In line with the current literature [3841] we found a strong association between bladder cancer risk and both smoking and dye exposure, and a weaker association with plastics manufacturing. However, there was no modification of these effects when stratifying by SNP genotype.

As MRE11, NBS1, RAD50, ATM, and H2AX interact with each other to facilitate DSB damage signalling, we hypothesized that there may be a gene dosage effect in our study, with subjects with increasing numbers of high risk alleles having an increased risk of bladder cancer. However, there was no difference found between the case and control populations with adjusted odds ratios of ~1.0 and tight confidence intervals.
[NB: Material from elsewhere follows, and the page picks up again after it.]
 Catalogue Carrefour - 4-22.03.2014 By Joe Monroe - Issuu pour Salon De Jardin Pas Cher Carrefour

The case and control populations had similar age and sex distributions with no significant difference in ethnicity. Quality control was stringent in the study with a low proportion of undetermined samples and high concordance among the duplicate samples. The sequencing of MRE11 variant rs2155209 confirmed the Taqman genotyping results. One of the strengths of this study is the detailed information on occupational history in a mainly Caucasian population based in West Yorkshire which allows the investigation of gene-environment interactions. Despite this, it is likely that the study was underpowered to detect such interactions. There is always an inherent recall bias in this sort of questionnaire-based study, with the possibility that case subjects are more likely to remember smoking dose and any hazardous exposures. Occupational exposure was difficult to quantify from the interviews.
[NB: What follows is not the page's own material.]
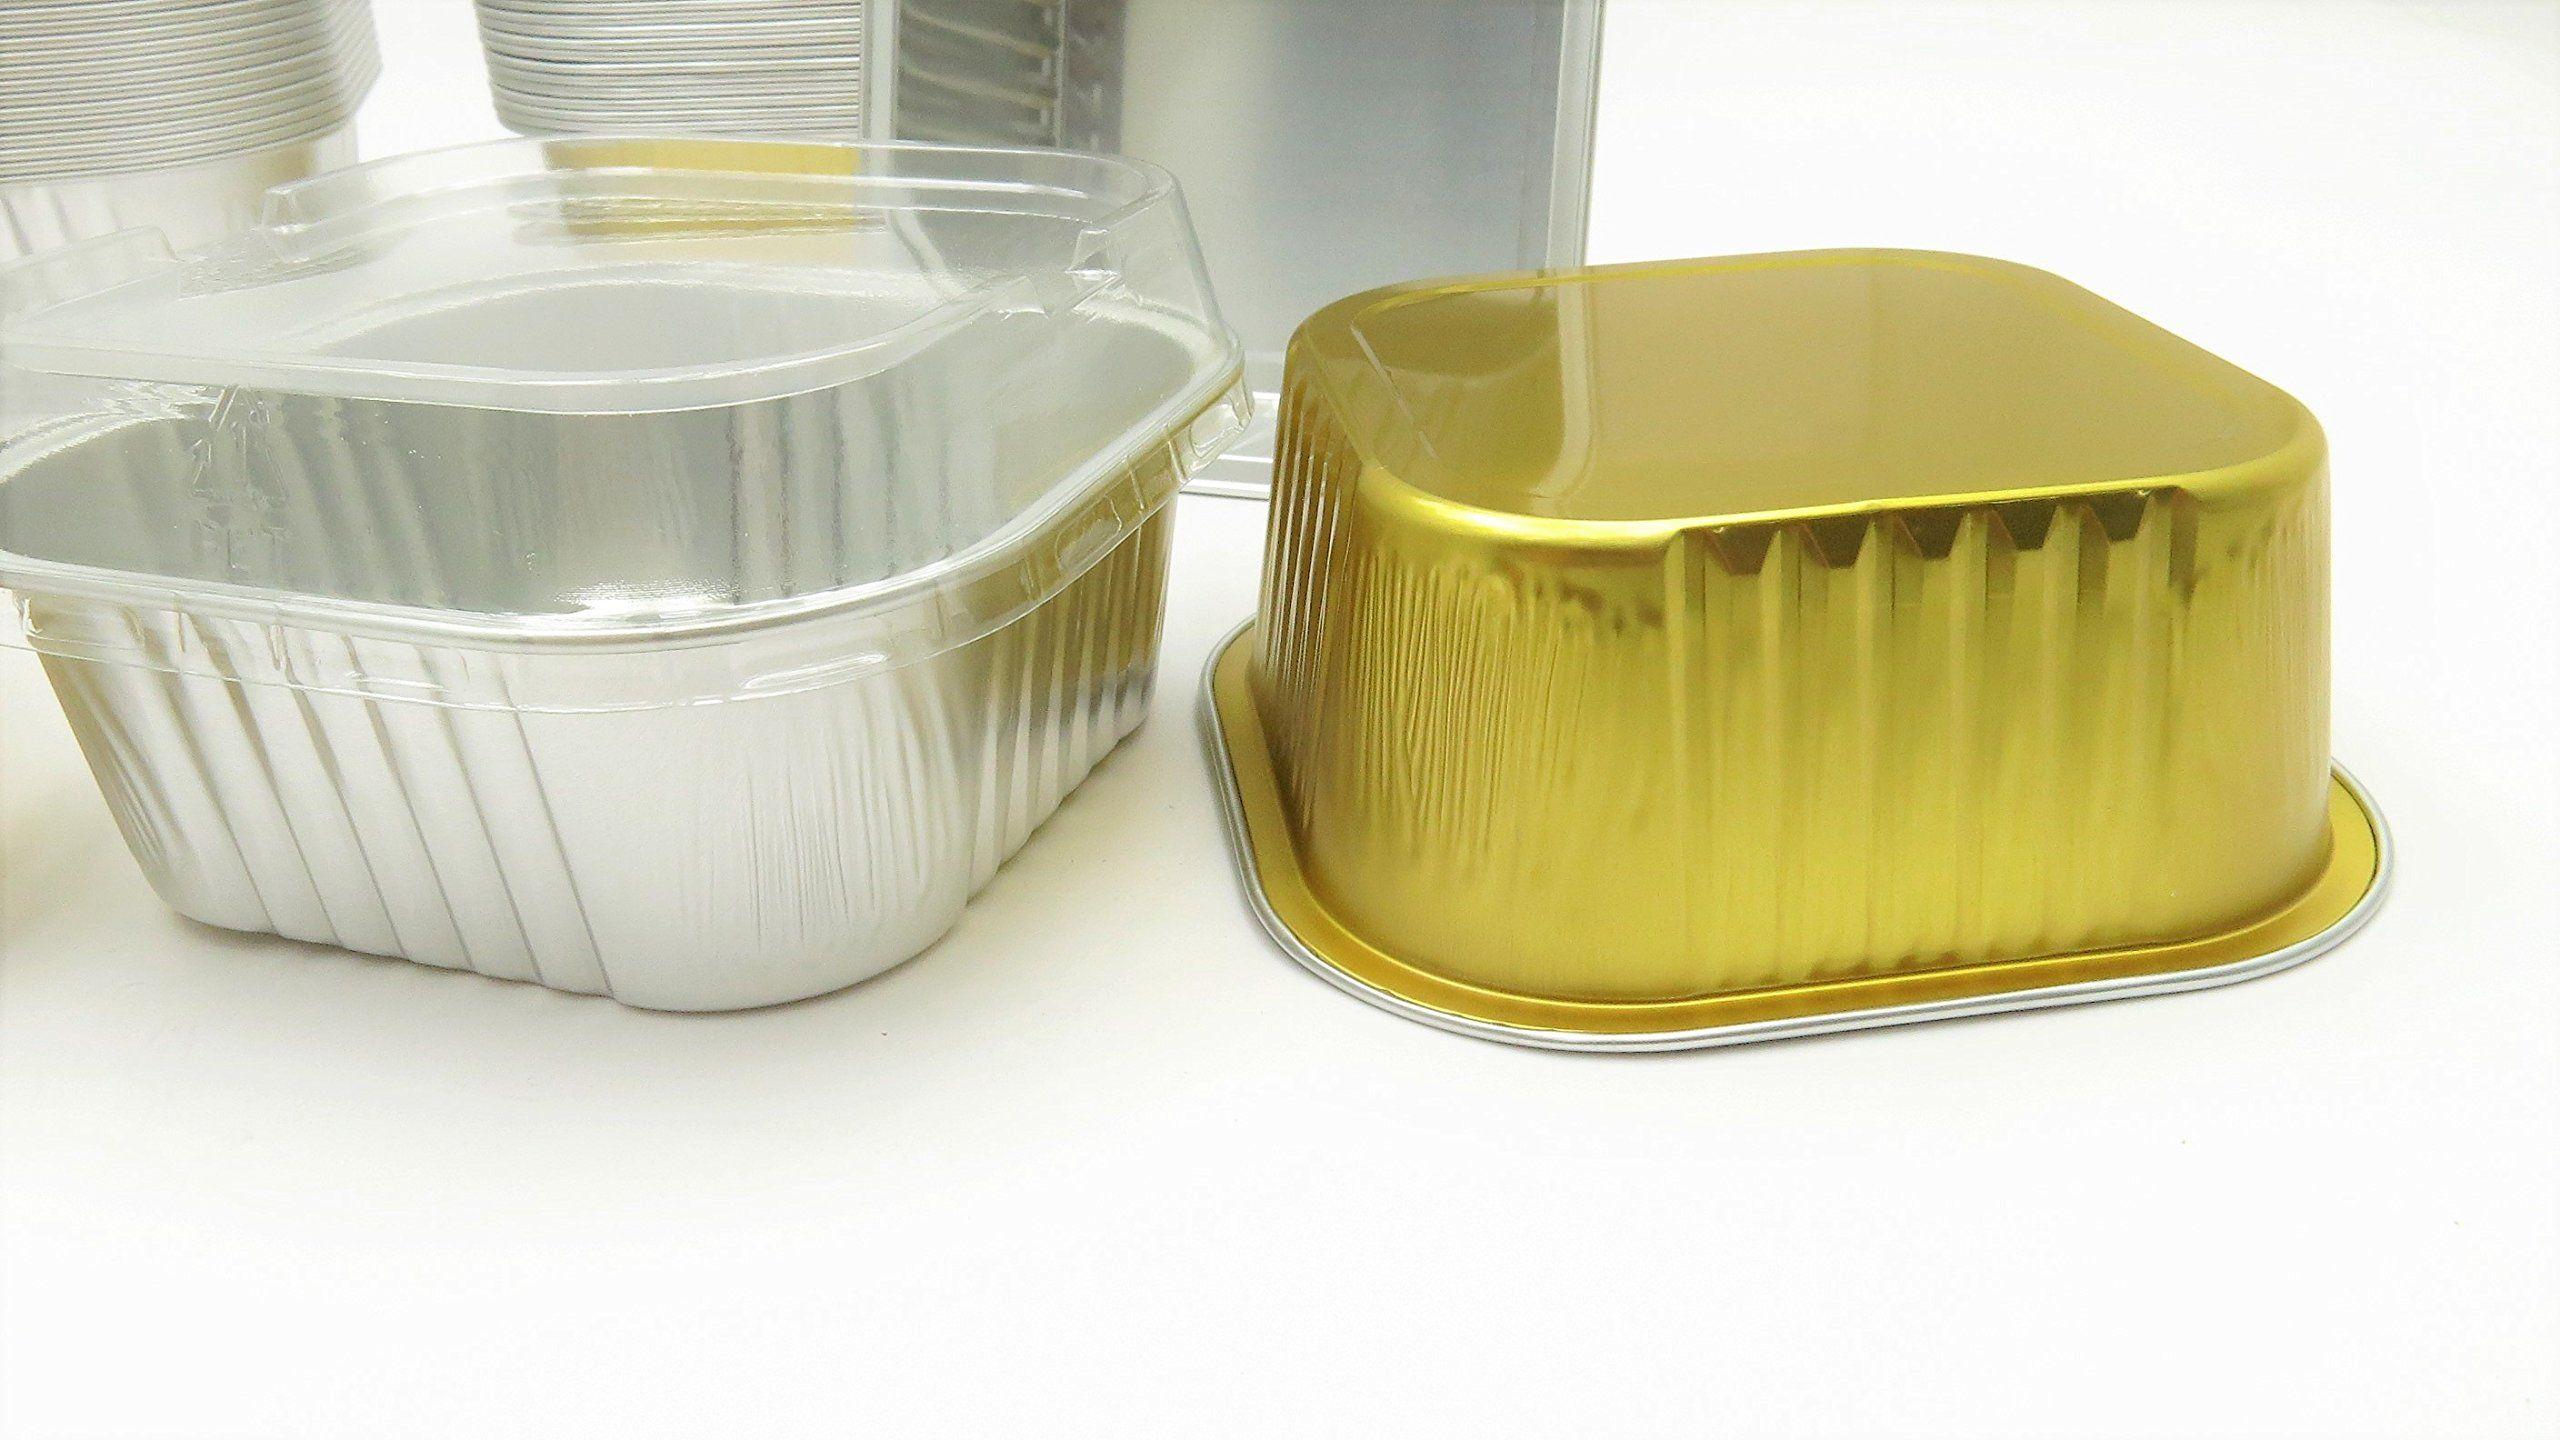 Kitchendance disposable aluminum 4 x 4 square cake pans w

The MRE11 variant associated with bladder cancer was located in the 3'UTR of the gene. The 3'UTR has been implicated in regulation of transcription and mRNA stability [42]. Variants in this region of a gene may have functional significance by affecting transcription and leading to reduced or abnormal protein expression. Alternatively, the variant may be in linkage disequilibrium with a functional variant nearby.

To our knowledge, there have been no previous studies investigating variants in ATM, MRE11, RAD50 or H2AX and bladder cancer risk. However, Mongiat-Artus et al have reported mutations of MRE11 or RAD50 in upper tract urothelial tumours, although numbers are small (four of 58 tumours) [43]. The MRE11 3'UTR variant has not yet been investigated for possible cellular functional effects. In vitro studies may provide a mechanistic explanation for the increase in bladder cancer risk by determining if the variant leads to reduced transcription or instability of mRNA.

Conclusion

In conclusion, in this relatively large bladder cancer case-control study, a marginal association with bladder cancer risk was found for the MRE11 SNP rs2155209. Associations between bladder cancer risk and both smoking and dye exposure were confirmed. Results of this study need validation in another case-control cohort and a larger population is required to fully investigate possible interactions of variants with smoking and dye exposure.